Why Cities Will Outlast the Pandemic Slump

A new report suggests that despite recent challenges, the ‘value proposition’ of urban activity centers remains as strong as ever.

2 minute read

November 1, 2022, 12:00 PM PDT

By Diana Ionescu @aworkoffiction

Aerial view of high-rise buildings on waterfront in Boston, Massachusetts

Sean Pavone / Boston, Massachusetts

An analysis from the Bass Center for Transformative Placemaking presents evidence in favor of the argument that, despite pre-pandemic growth in suburban job centers and the pandemic-induced clearing out of central business districts, “cities’ value proposition is still very much intact.”

Tracy Hadden Loh and Jennifer S. Vey outline the results of the report for Bloomberg CityLab, writing that “these findings can inform city leaders on how workplace needs might continue to evolve — and how they can deploy policy and funding to shape a more resilient economic future.”

Presenting their evidence, Loh and Vey note that “In our model, every increase in median activity center job density of 1,000 jobs per square mile is worth an additional $1,723 in output per worker across the metro area.”

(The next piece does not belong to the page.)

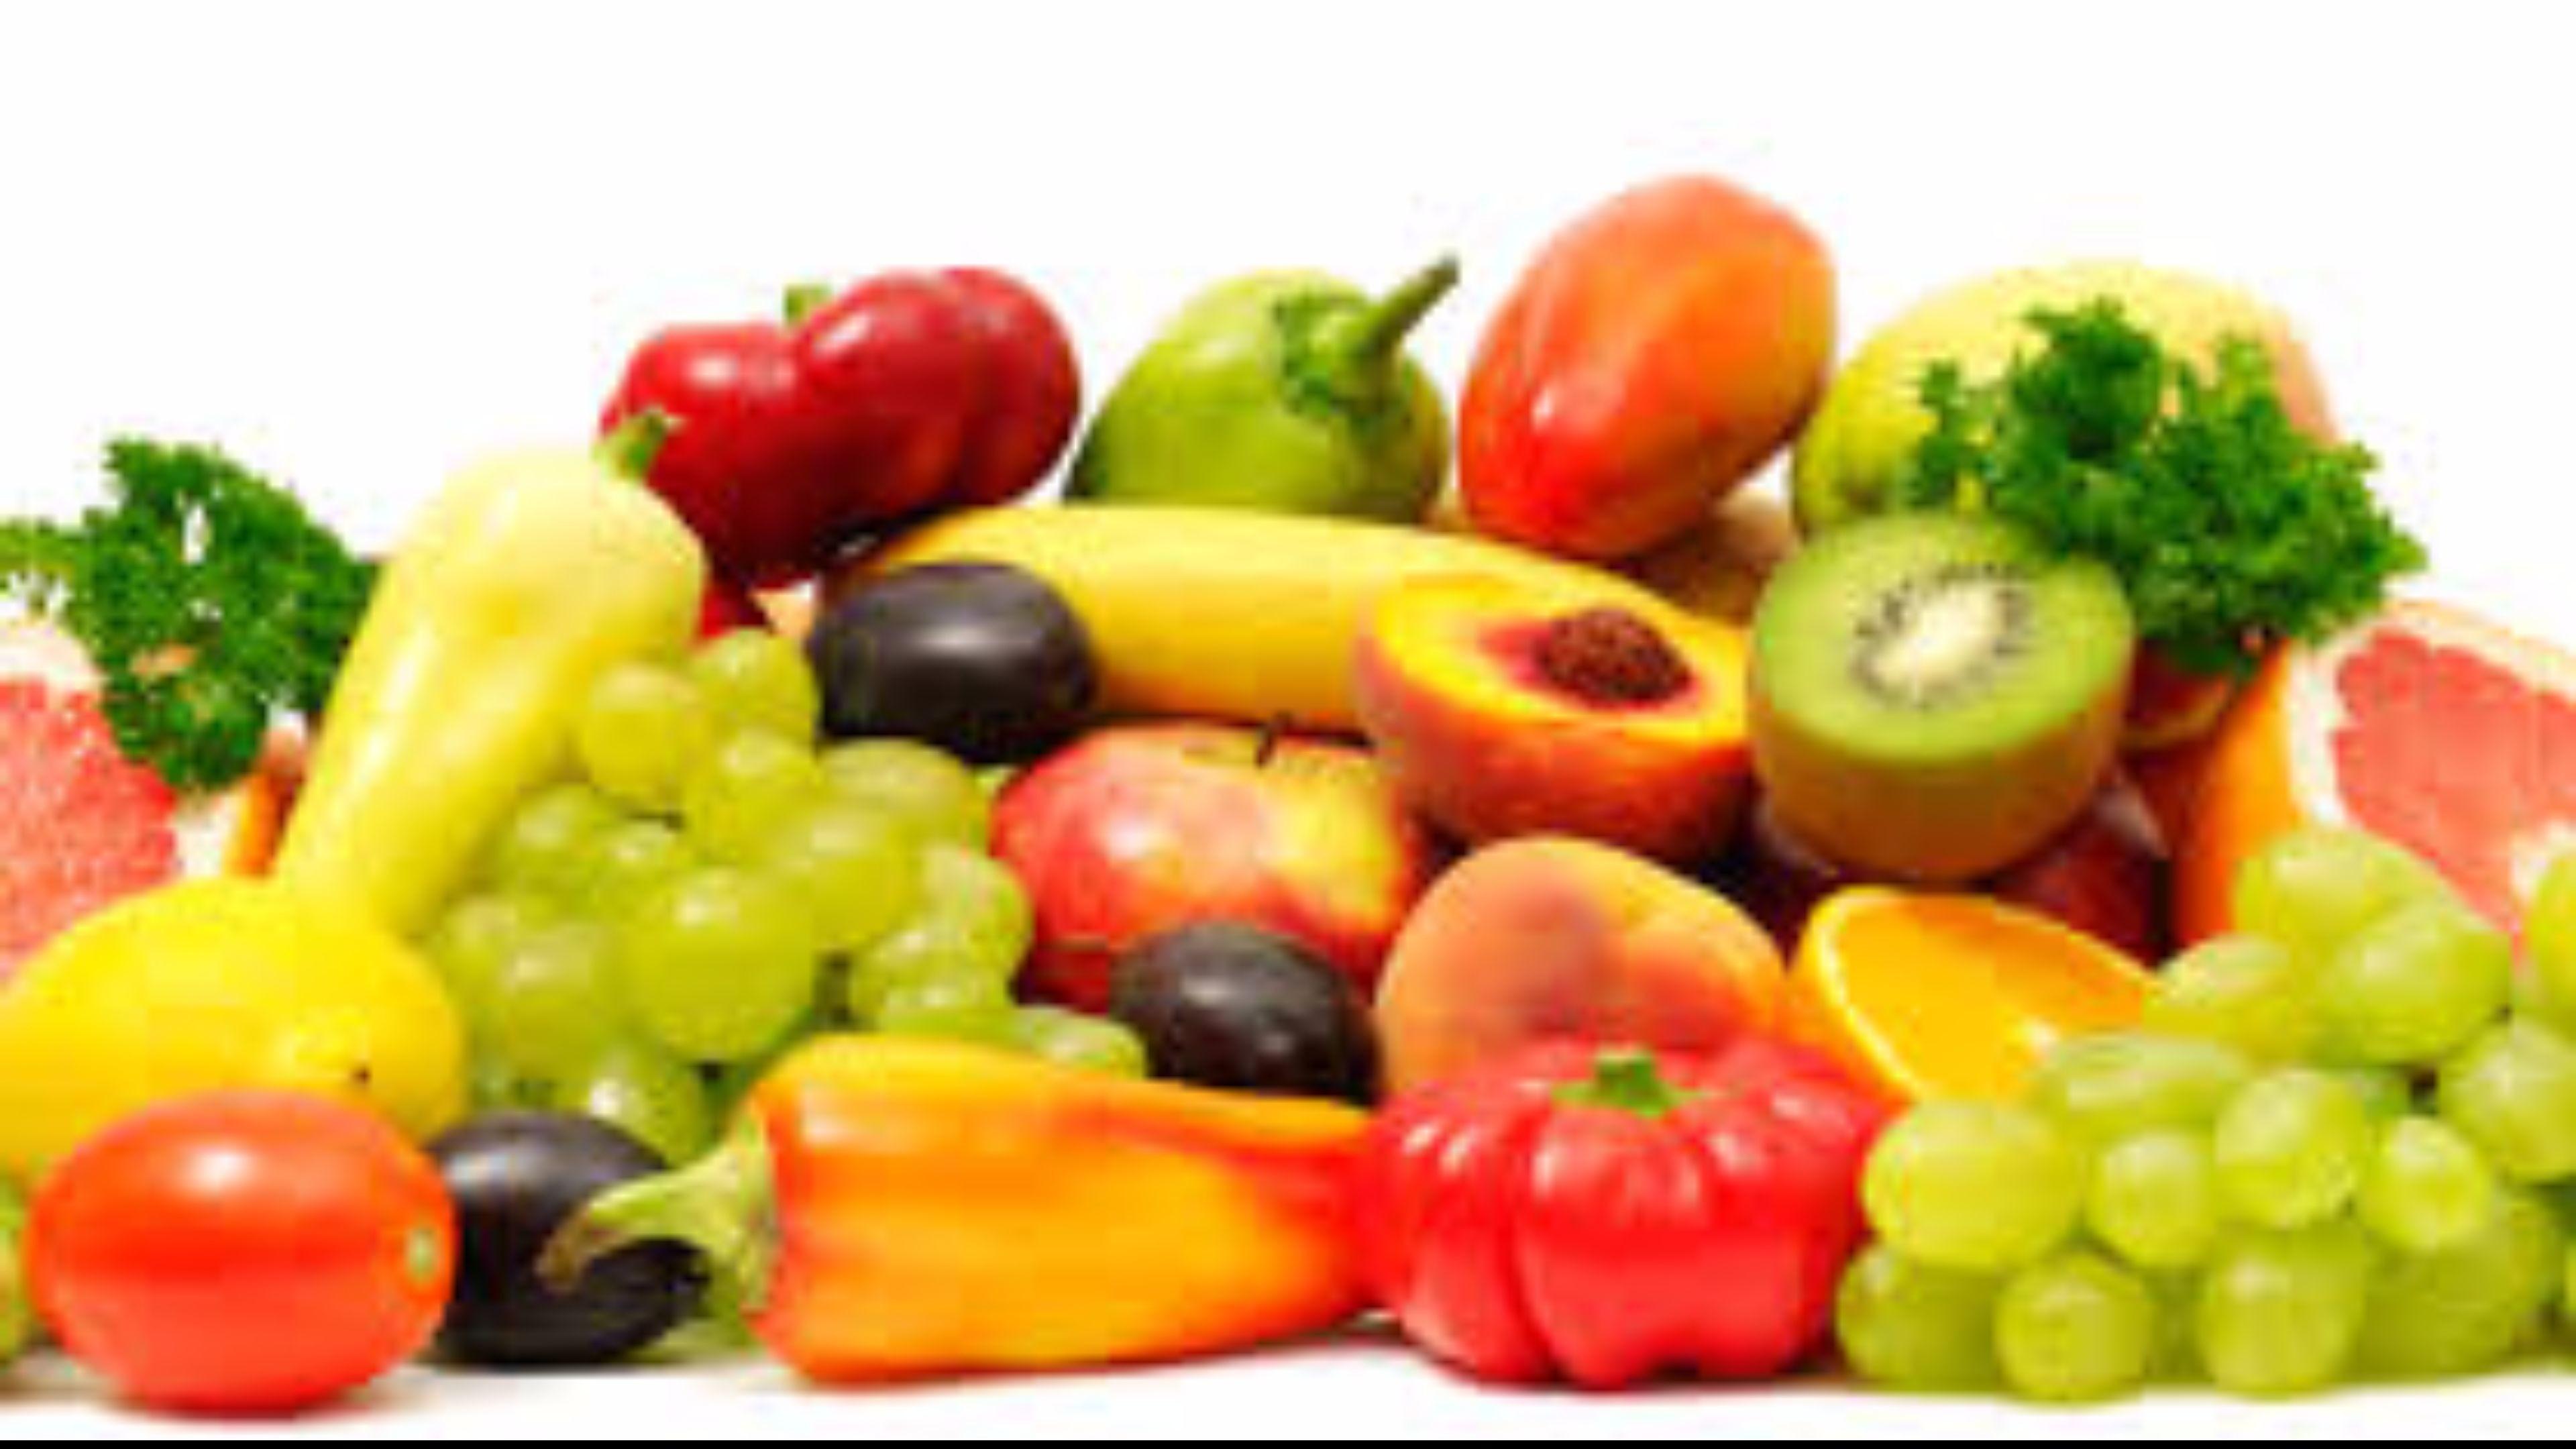 Res: 3840x2160, Tropical Fruit 4K Wallpaper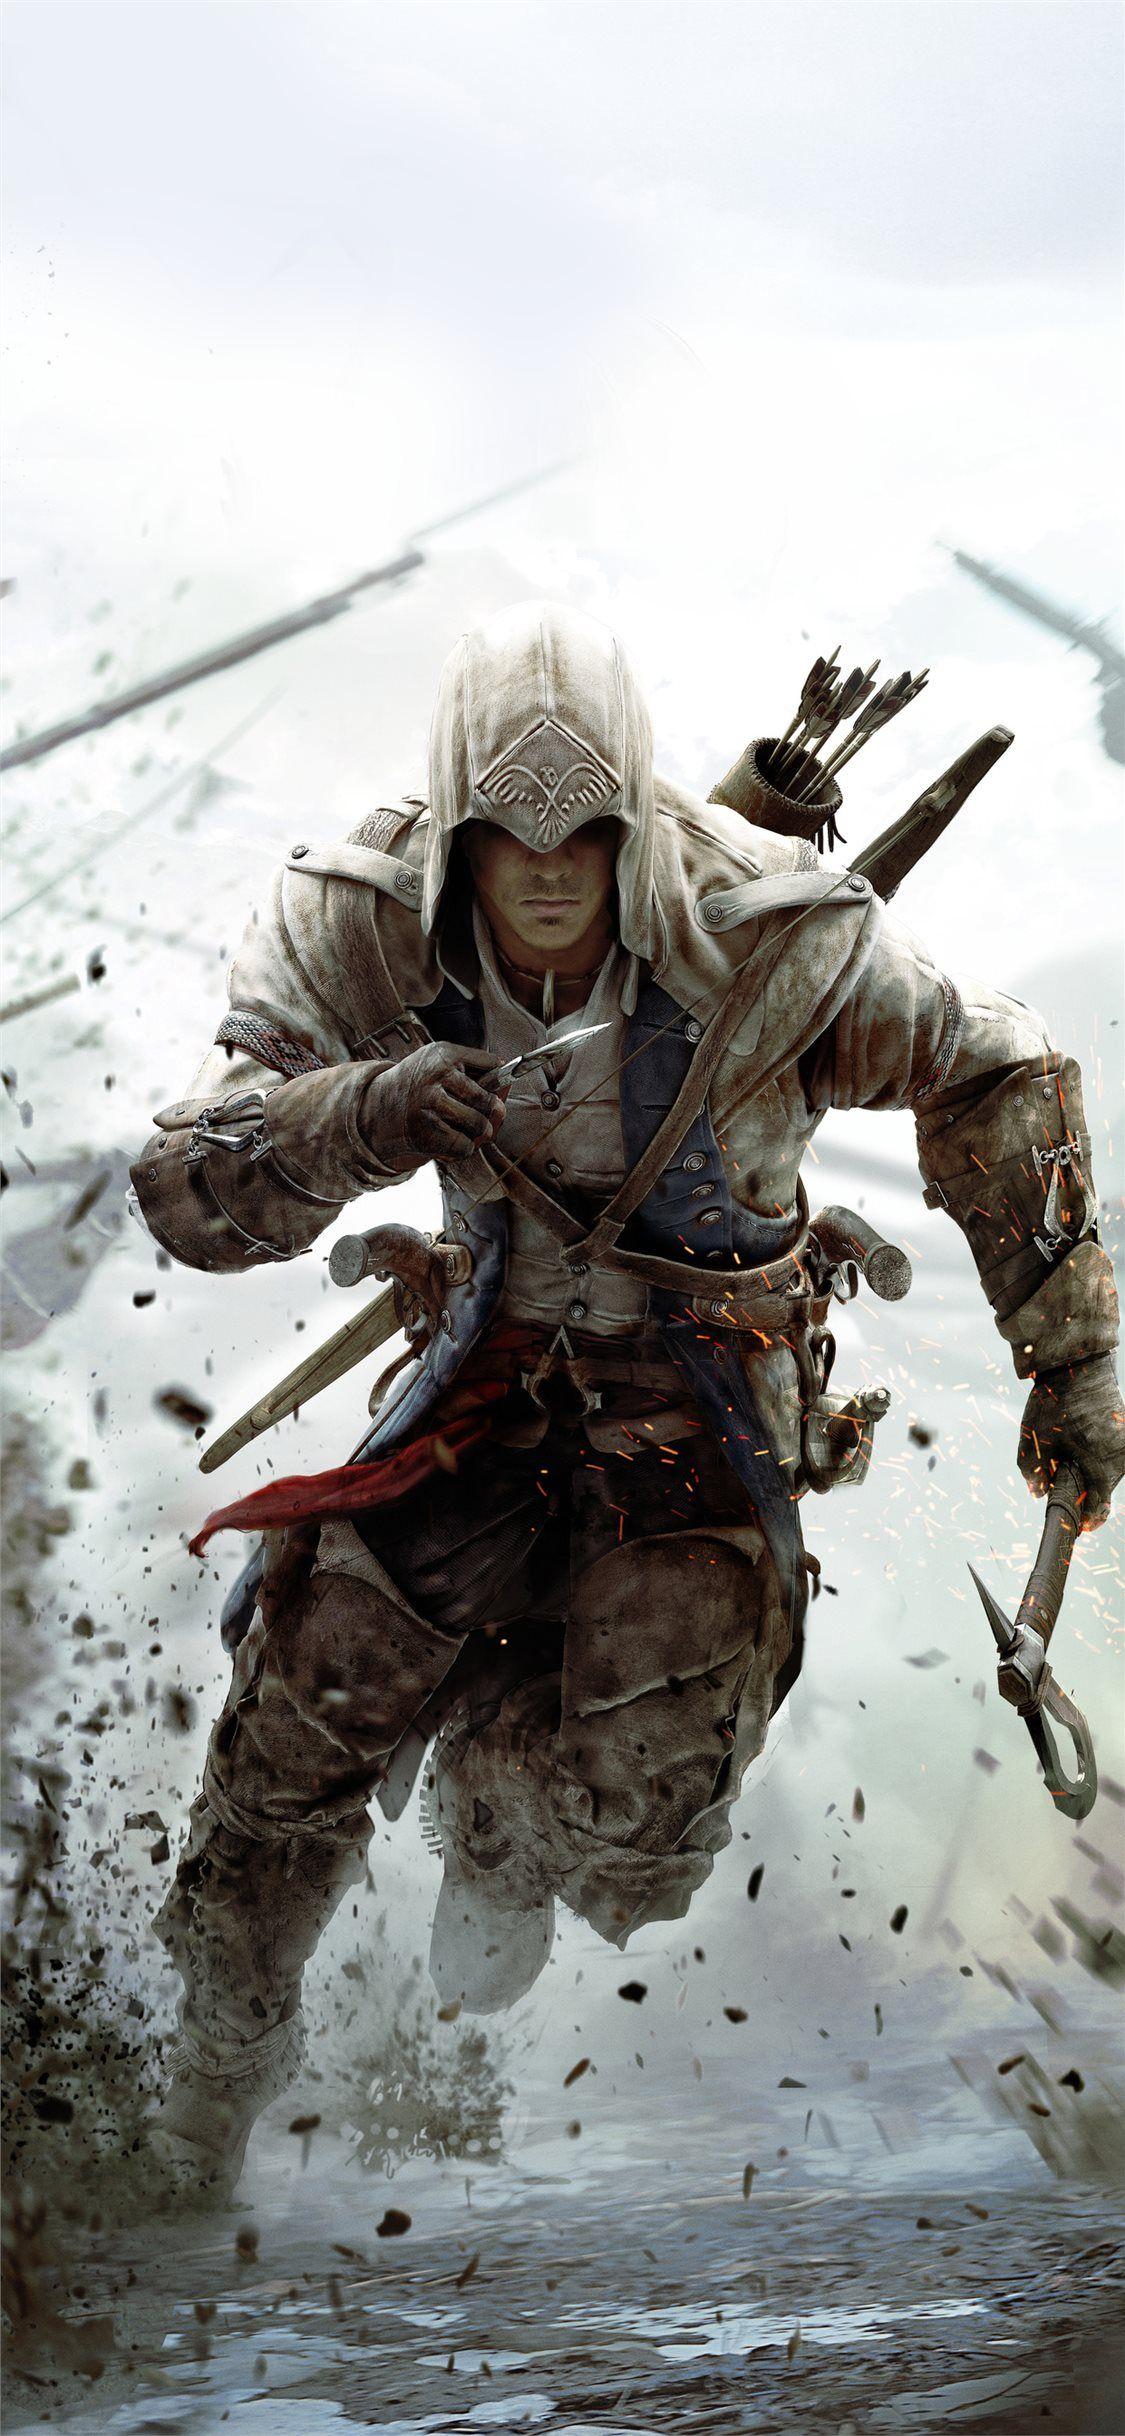 Assassins Creed 3 10k Assassin S Creed Assassin S Creed Wallpaper Assassins Creed 3

While correlation is not causation, this suggestive relationship between place and productivity is important for employers and workers to consider as they make decisions about where to locate — and for urban leaders to recognize as they work to sway those choices in their favor.

According to Loh and Vey, “There is substantial measurable value to employers and the economy when firms locate their workers in close proximity not just to their colleagues, but to workers from other firms and sectors.”

The authors describe steps cities can take to keep downtowns vibrant, such as ensuring frequent and reliable transit services to reduce the cost and time spent commuting, concentrating housing near job centers, and investing in inviting, safe, accessible public spaces that make people want to spend time in cities.